Aquarell von Albrecht Kauw, 14,5 x 18 cm
Datiert „1659“. - Nach Meinung des Verfassers in die 1770er Jahre zu setzen.
Die einfache, aber in ihrer Schlichtheit eindrucksvolle Komposition des Bilds verdient hervorgehoben zu werden.
Wiedergabe mit freundlicher Genehmigung des Bernischen Historischen Museums, Bern
Foto: Stefan Rebsamen
Der zur Gemeinde Bolligen gehörende Weiler Geristein (früher: Gerenstein) liegt gut sieben Kilometer nordöstlich von Bern und hat als Mittelpunkt einer hügeligen Landschaft einen nach Westen geöffneten gewinkelten Sandstein-Grat.
In der nach Osten gerichteten Gehrung des Felsengebildes findet sich auf 762 Meter Höhe über Meer die Ruine Geristein.
Zentral ist bei dieser Burgstelle ein Rundturm mit drei Metern dicken Mauern an seiner Basis. Die Sandsteinquader auf der Innenseite des Bauwerks sind glatt, diejenigen außen mit charakteristischen Bossen versehen. - An letzteren finden sich etliche Steinmetzzeichen.

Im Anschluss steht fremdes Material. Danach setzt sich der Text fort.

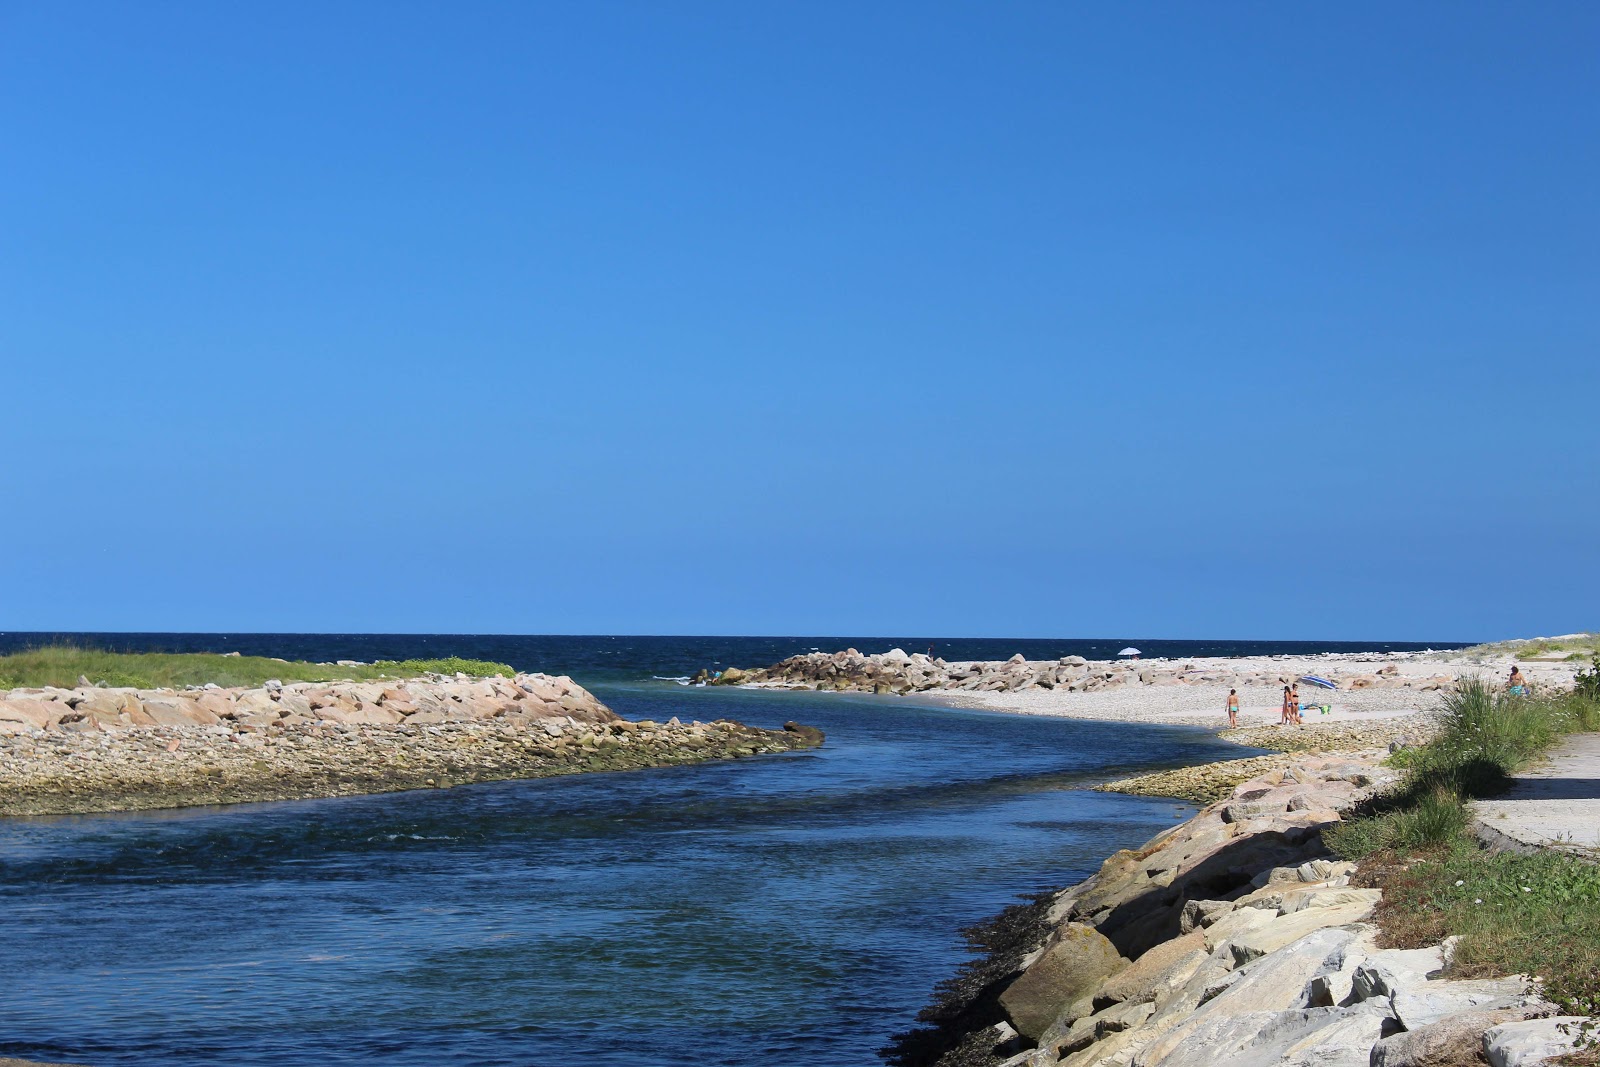 Playa Pampillosa'in fotoğrafı geniş plaj ile birlikte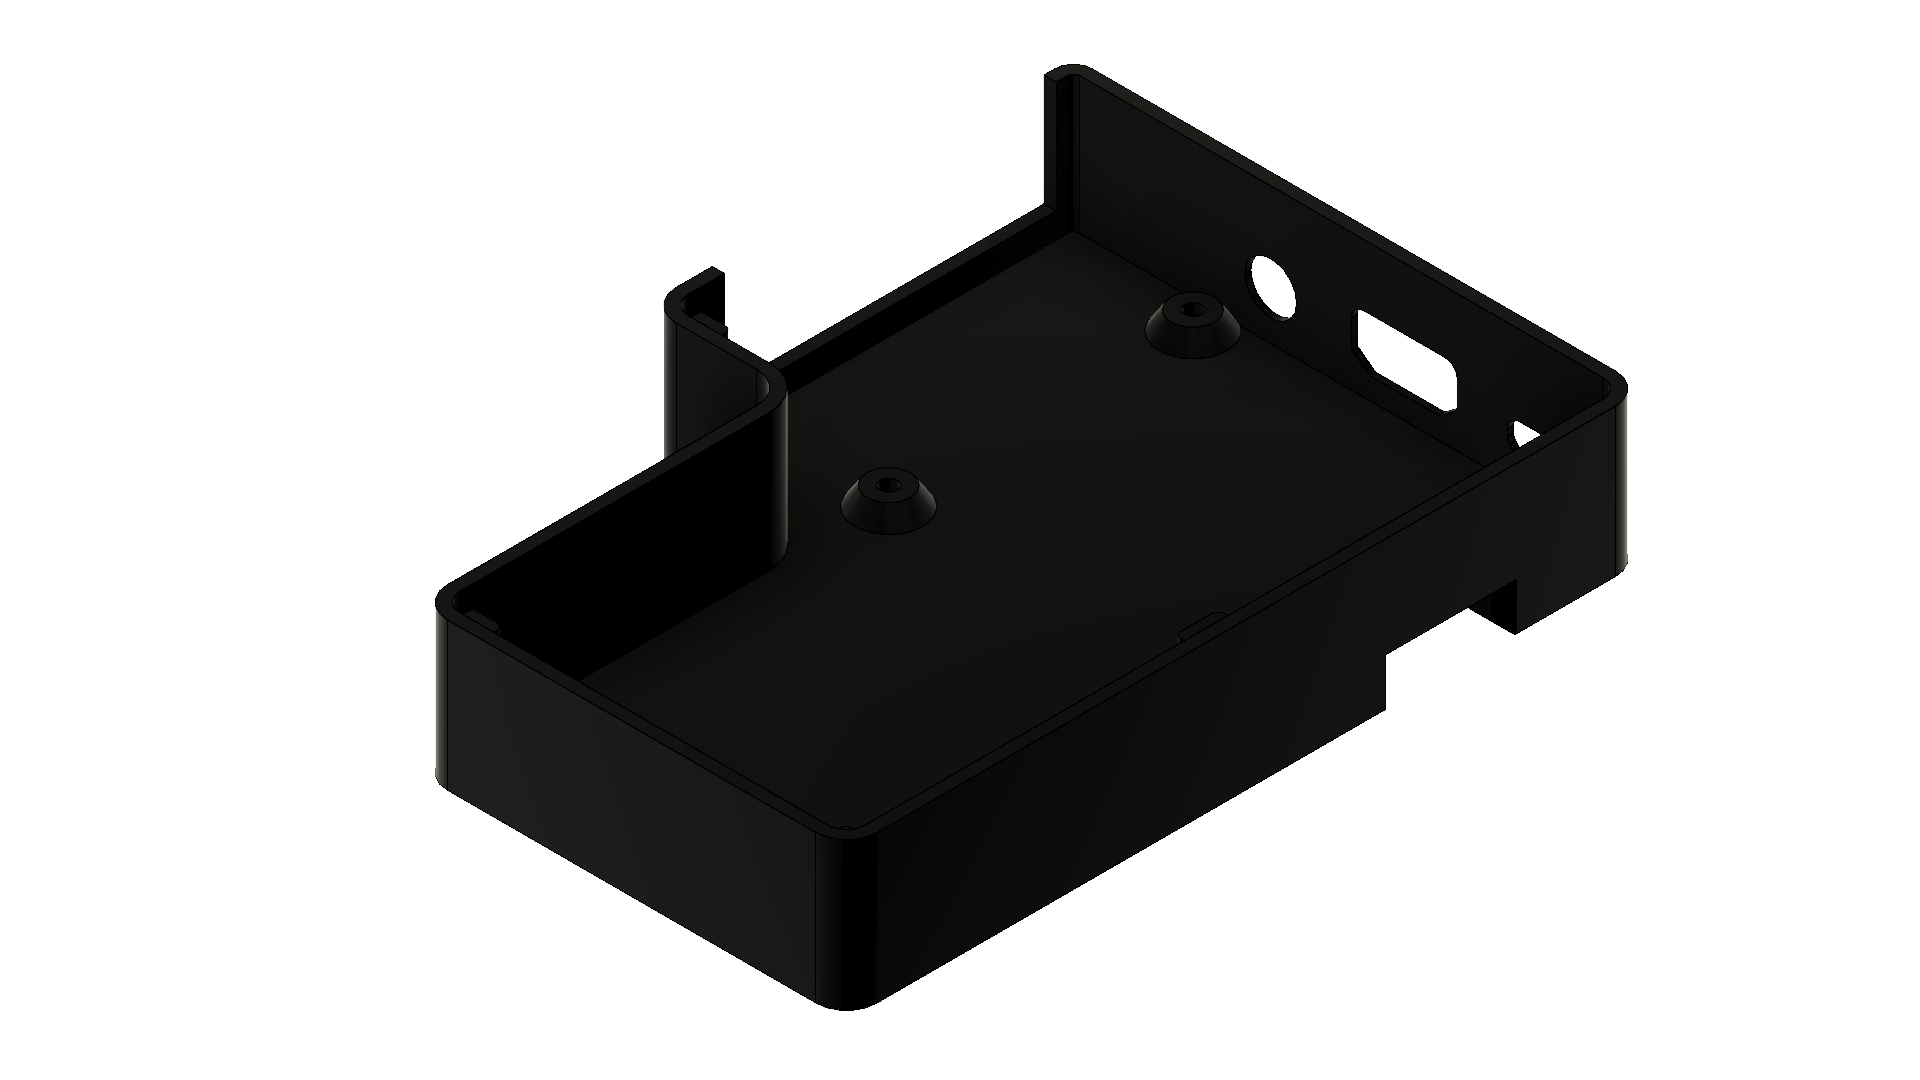 3D model of the custom Raspberry Pi case

Der Turm von Geristein war mindestens zehn Meter hoch, mit einem Zinnenkranz von eigenartiger Form.
Die Art des Mauerwerks mit Buckelquadern ist typisch für die Epoche der Gotik. Diese setzt der Herausgeber gemäß den Erkenntnissen der Geschichts- und Chronologiekritik in die Zeit um 1750. – Da ist zu bemerken, daß die Anno Domini-Datierung damals noch nicht existierte.
Der Turm von Geristein hat große Ähnlichkeit mit den frühen sogenannten Artillerie-Türmen. – Diese waren allerdings niedriger und massiger.
Die Turmstumpf ist um 1975 eher unglücklich vor weiterer Abtragung konserviert worden.
Der Rundturm von Geristein weist eine große Merkwürdigkeit auf: Er besaß weder einen Eingang, noch Fenster, noch Schießscharten.
« Les Ruines de Gerstein près de Berne »
Aquarell, 16,9 x 22 cm, mit den Initialen C.S.L.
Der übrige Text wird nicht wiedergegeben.